# ABOUT THIS TASK
The records that follow are to be transcribed in full, without their images.

# DATA FOR PROCESSING

++++++++++

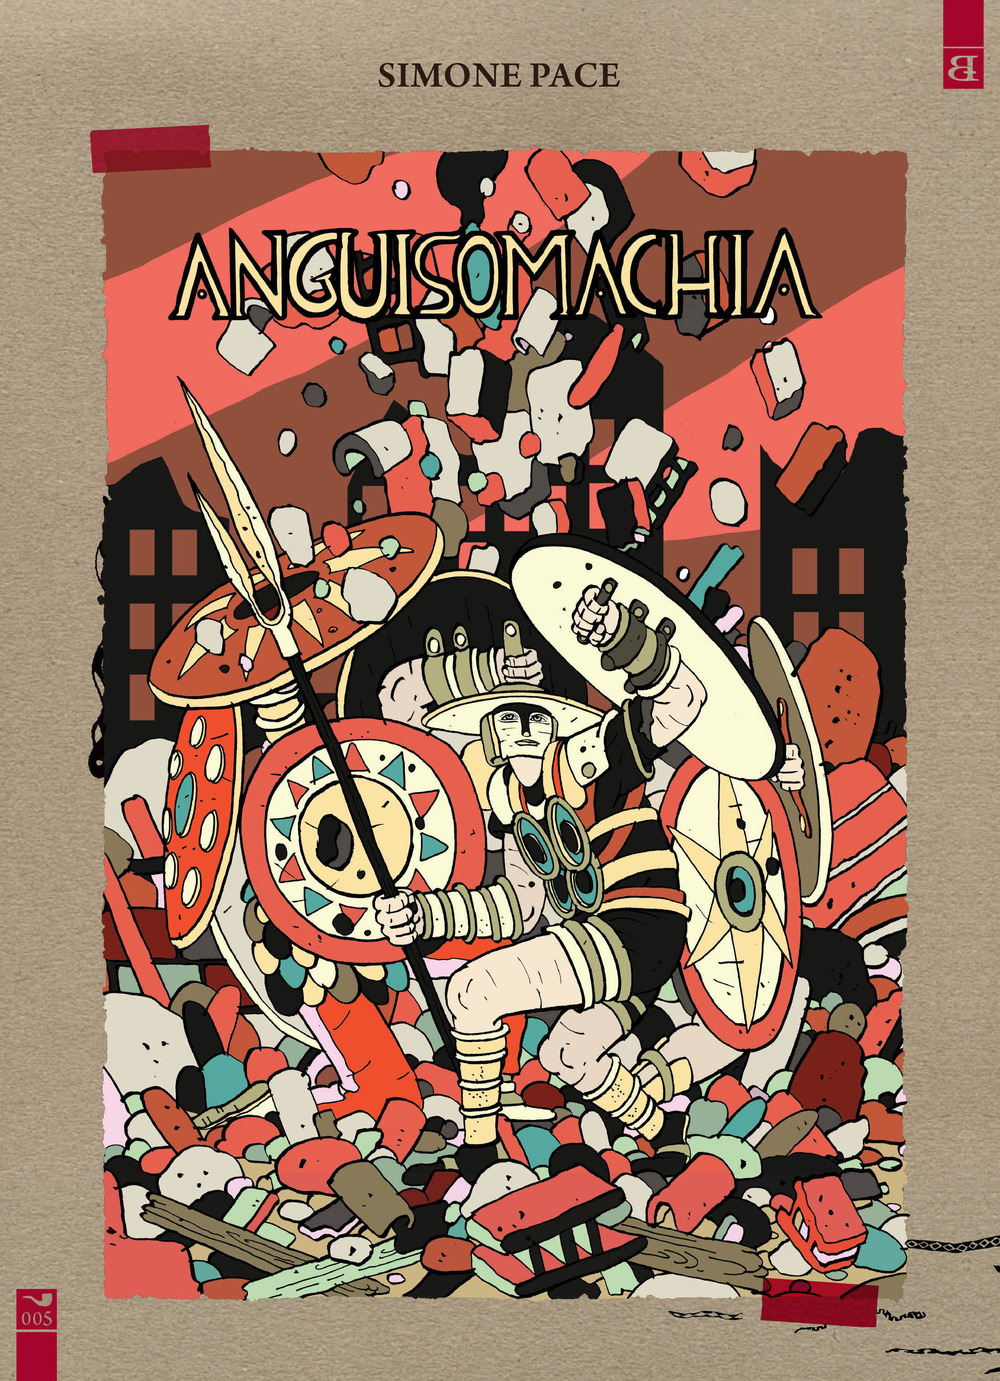 ANGUISOMACHIA - Pace Simone - 9788898462148
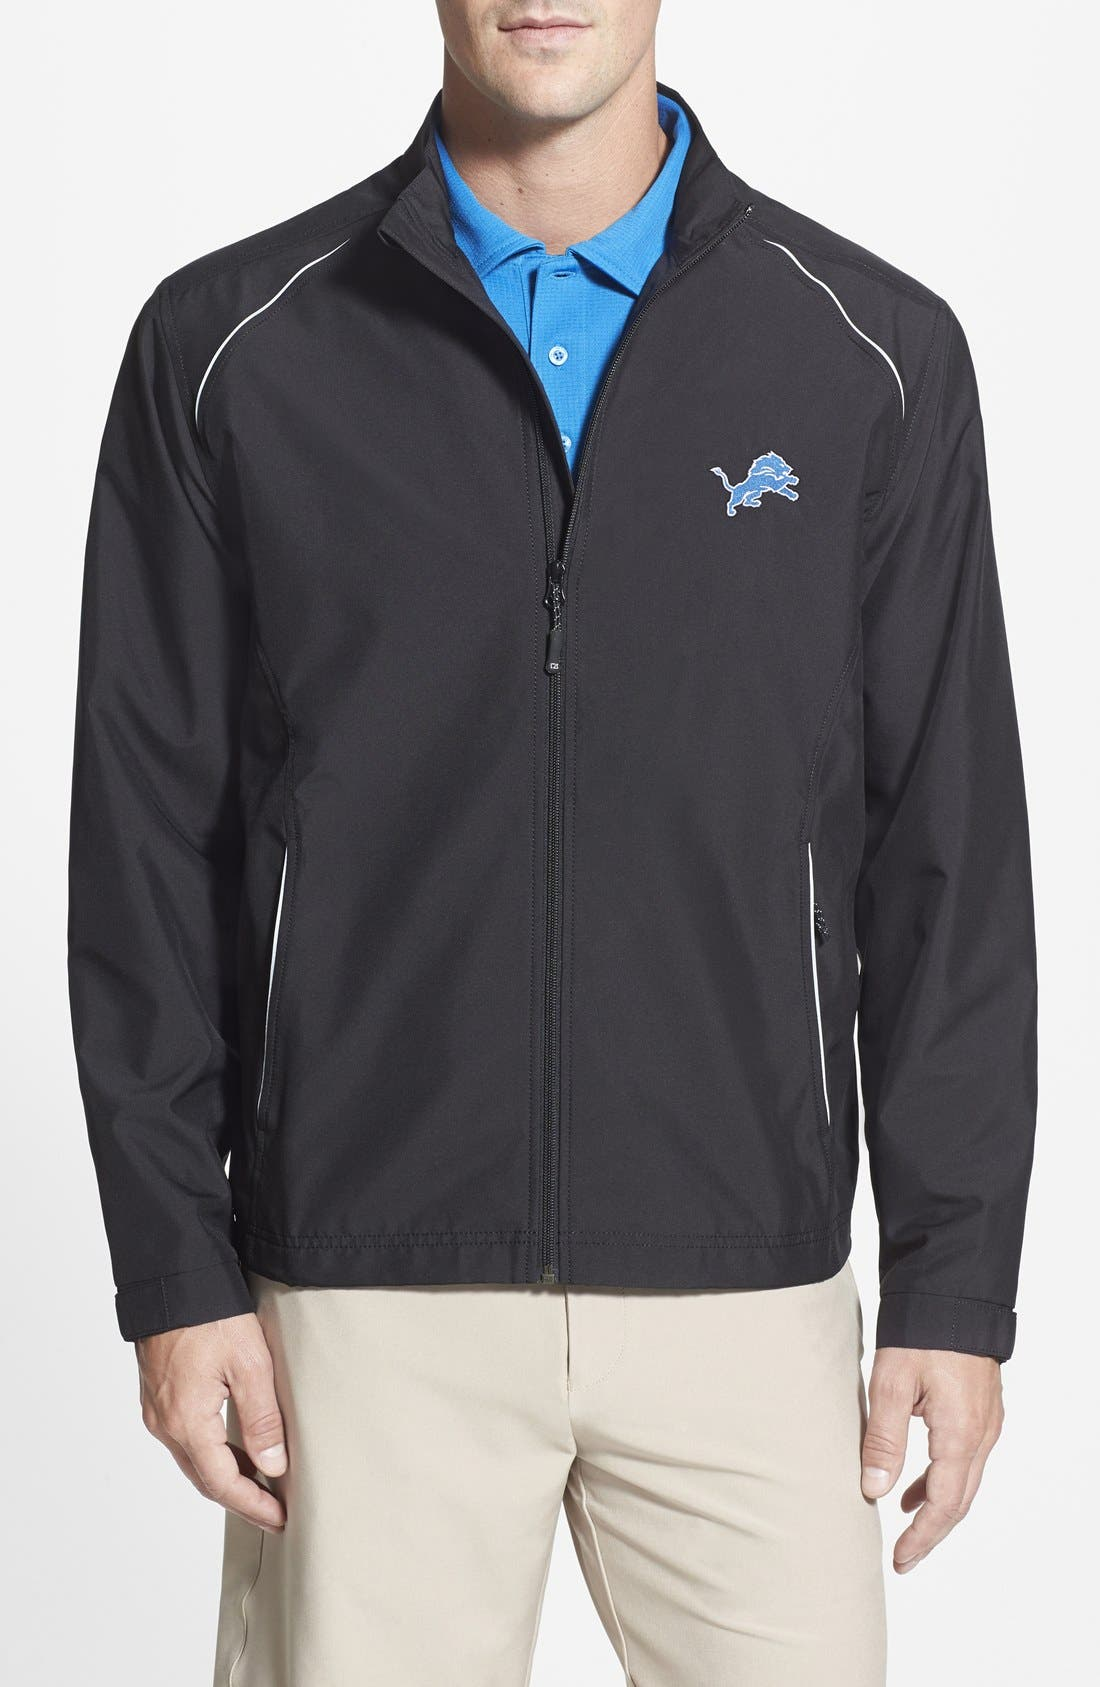 Cutter & Buck Detroit Lions - Beacon WeatherTec Wind & Water Resistant Jacket
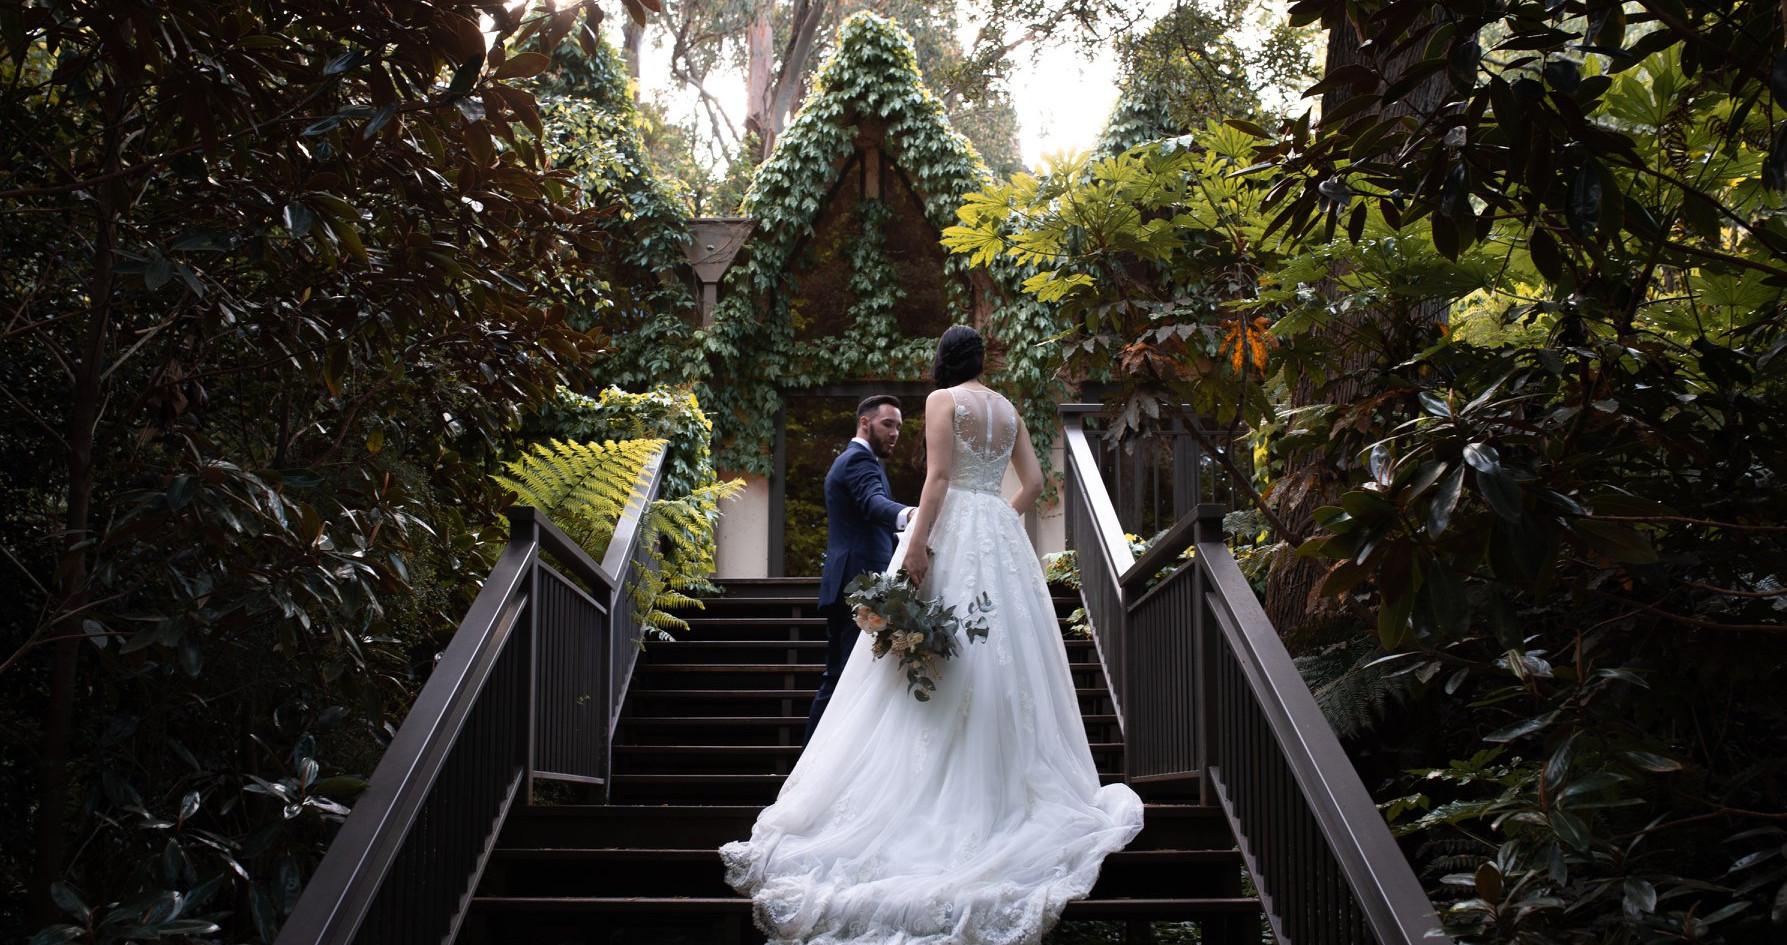 Chris & Nicole | WEDDING FILM
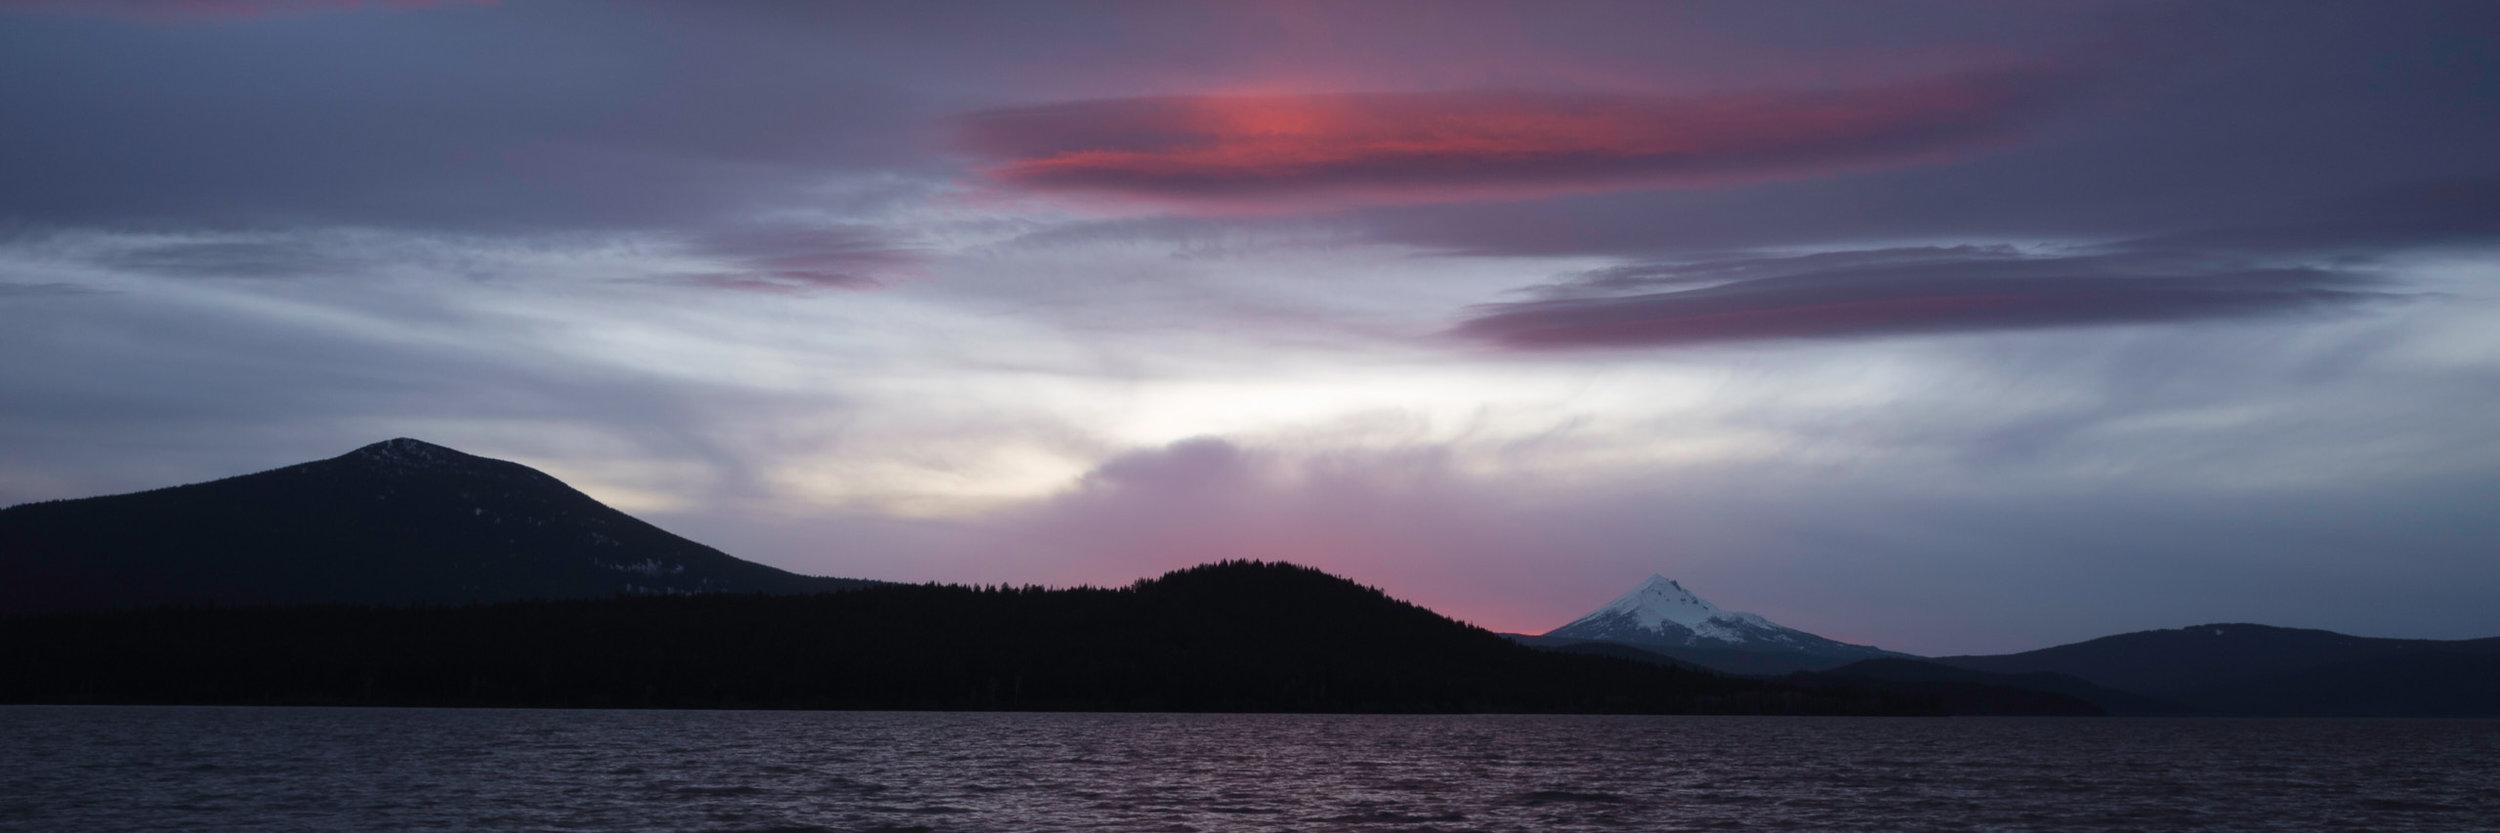 Klamath NWR Sunset_2014 - -89-20140313_Eagle_Ridge_Klamath_Falls_Oregon_0156.jpg
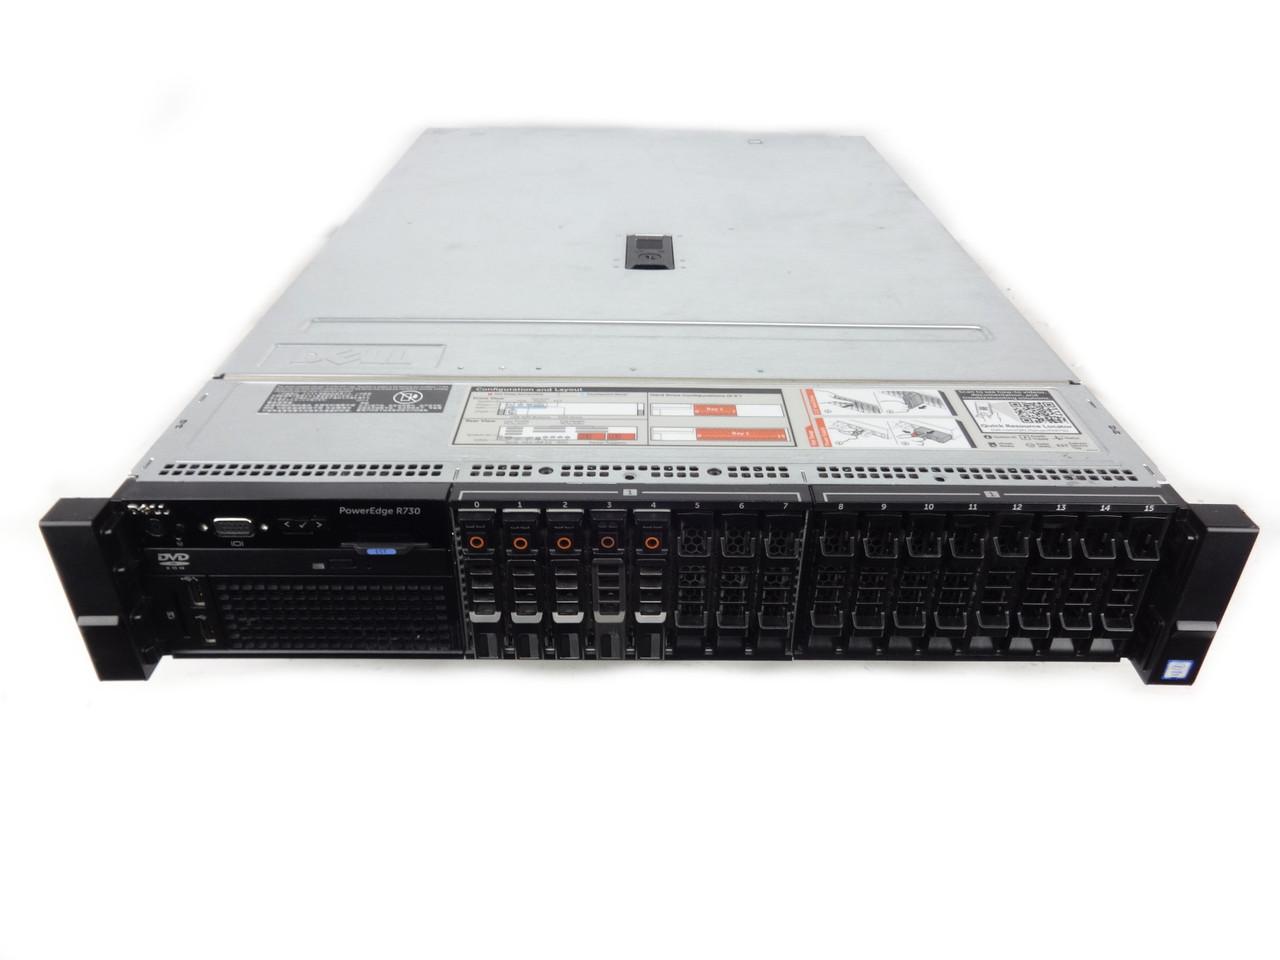 Dell Poweredge R730 16 Bay Server

++++++++++

# PROBLEM SOLUTION
 ANGUISOMACHIA - Pace Simone - 9788898462148
 Cutter & Buck Detroit Lions - Beacon WeatherTec Wind & Water Resistant Jacket
 Chris & Nicole | WEDDING FILM
 Klamath NWR Sunset_2014 - -89-20140313_Eagle_Ridge_Klamath_Falls_Oregon_0156.jpg
 Dell Poweredge R730 16 Bay Server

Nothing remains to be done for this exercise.